Intelligent algorithms and route information play significant roles in improving the energy management of a hybrid electric bus (HEB). This paper proposes two intelligent strategies for connected HEB based on a novel layered framework considering global planning of fixed-route information. At the cloud layer, the optimal SOC and working mode of global planning is solved by a new dynamic programming algorithm with termination state constraints under the representative cycle of fixed-route. At the vehicle layer, integrated with these results of global planning, the adaptive optimization intelligent energy management strategy (G-AOI-EMS) and Deep Q-learning intelligent energy management strategy (G-DQL-EMS) are presented, respectively.

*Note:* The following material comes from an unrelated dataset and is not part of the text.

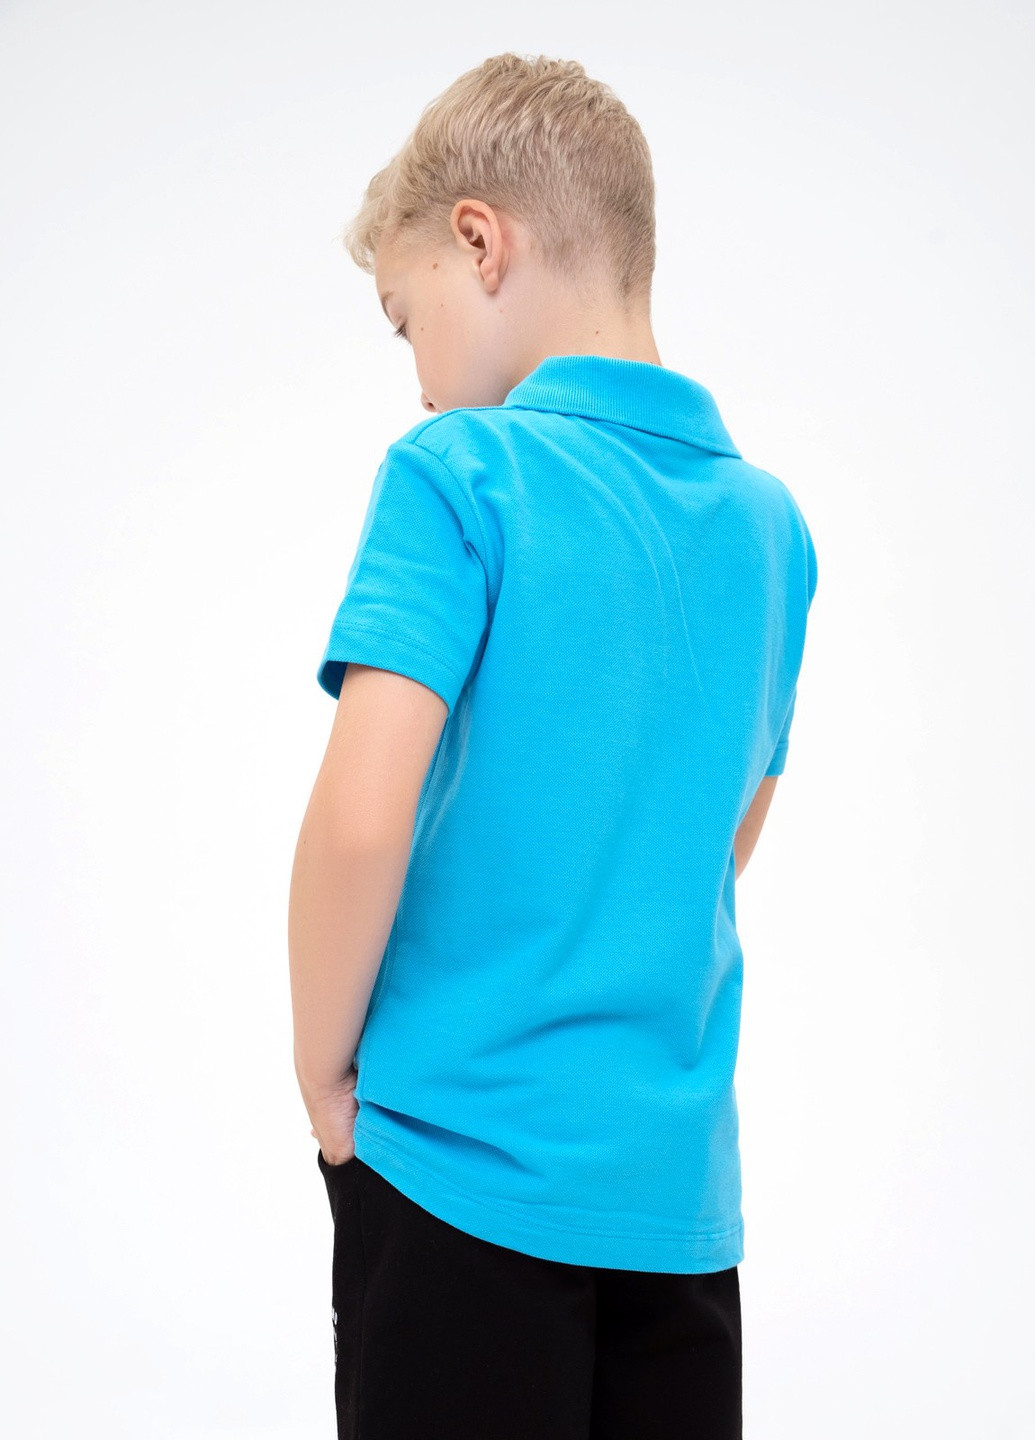 Голубая летняя футболка детская ISSA PLUS Футболка-GCD1-01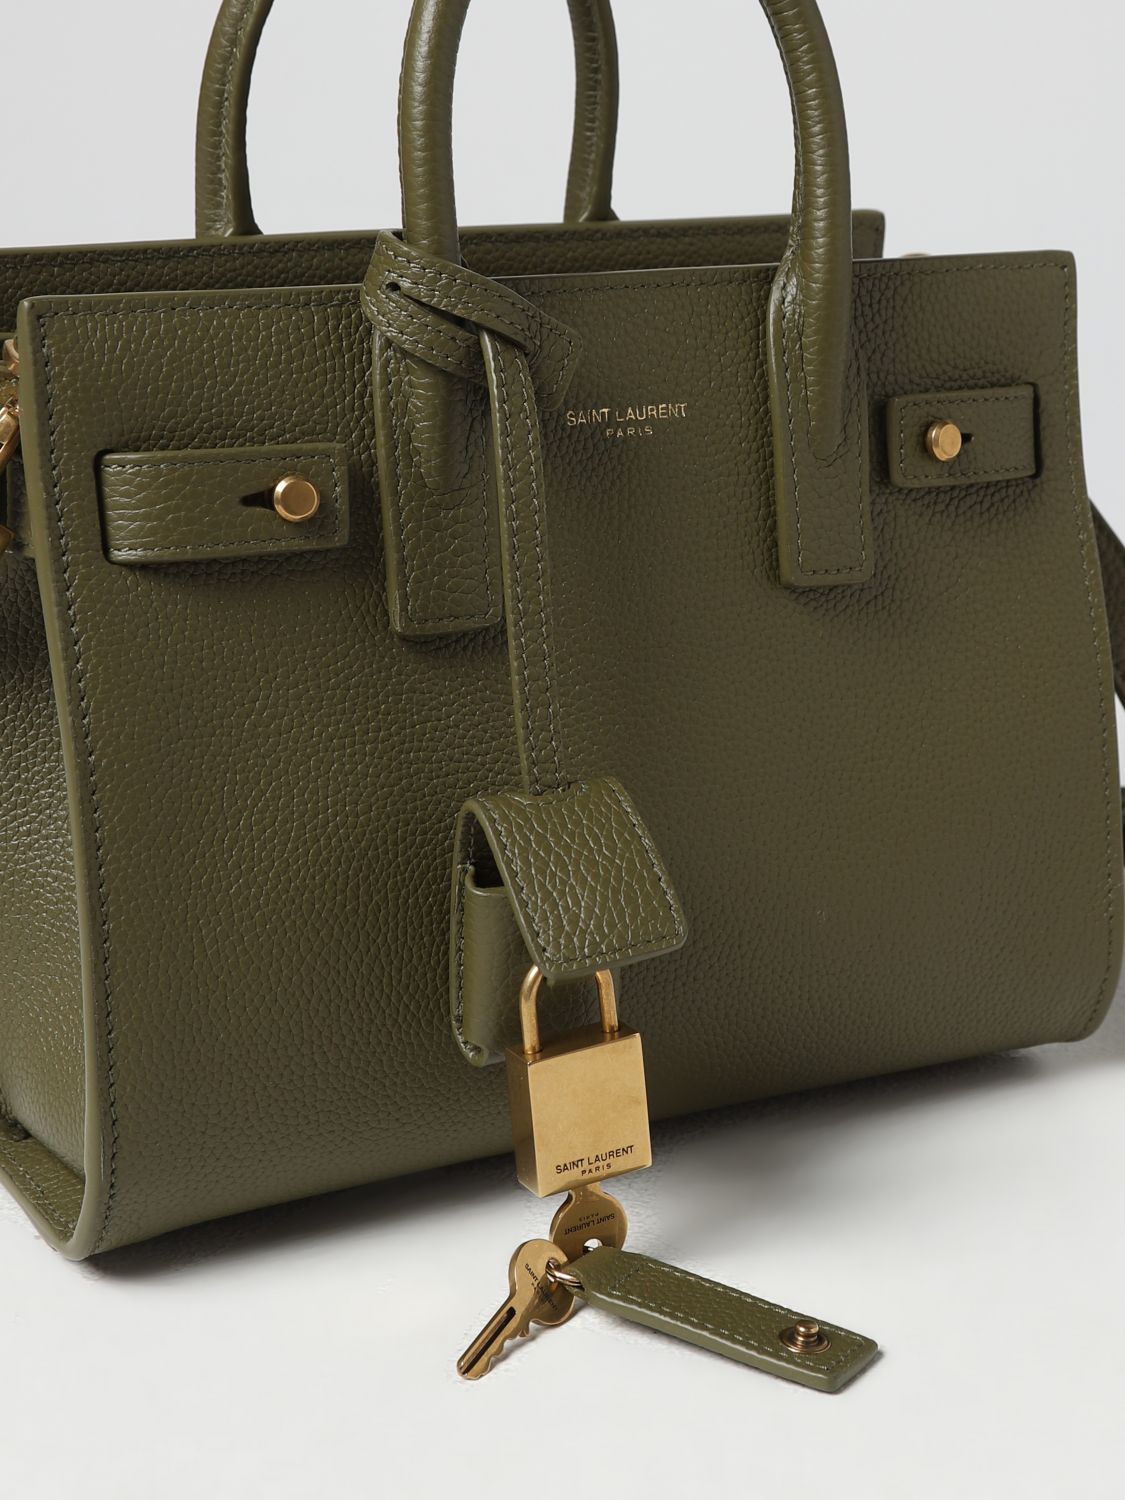 Saint Laurent - Authenticated Sac de Jour Handbag - Leather Green Plain for Women, Good Condition

To evaluate the proposed two intelligent strategies, a novel three-dimensional evaluation method for comprehensive comparison is carried out from optimality, adaptability, and real-time. The results indicate that the fuel economy of G-AOI-EMS is better than G-DQL-EMS in terms of optimality. In terms of adaptability, the G-DQL-EMS can better adapt to condition changes. Finally, the hardware-in-the-loop test is implemented. In terms of real-time, the offline simulation and HIL test results are approximately consistent for the proposed two strategies. The G-DQL-EMS have better real-time than G-AOI-EMS.

Suggested Citation

  • Wang, Yue & Li, Keqiang & Zeng, Xiaohua & Gao, Bolin & Hong, Jichao, 2023. "Investigation of novel intelligent energy management strategies for connected HEB considering global planning of fixed-route information," Energy, Elsevier, vol. 263(PB).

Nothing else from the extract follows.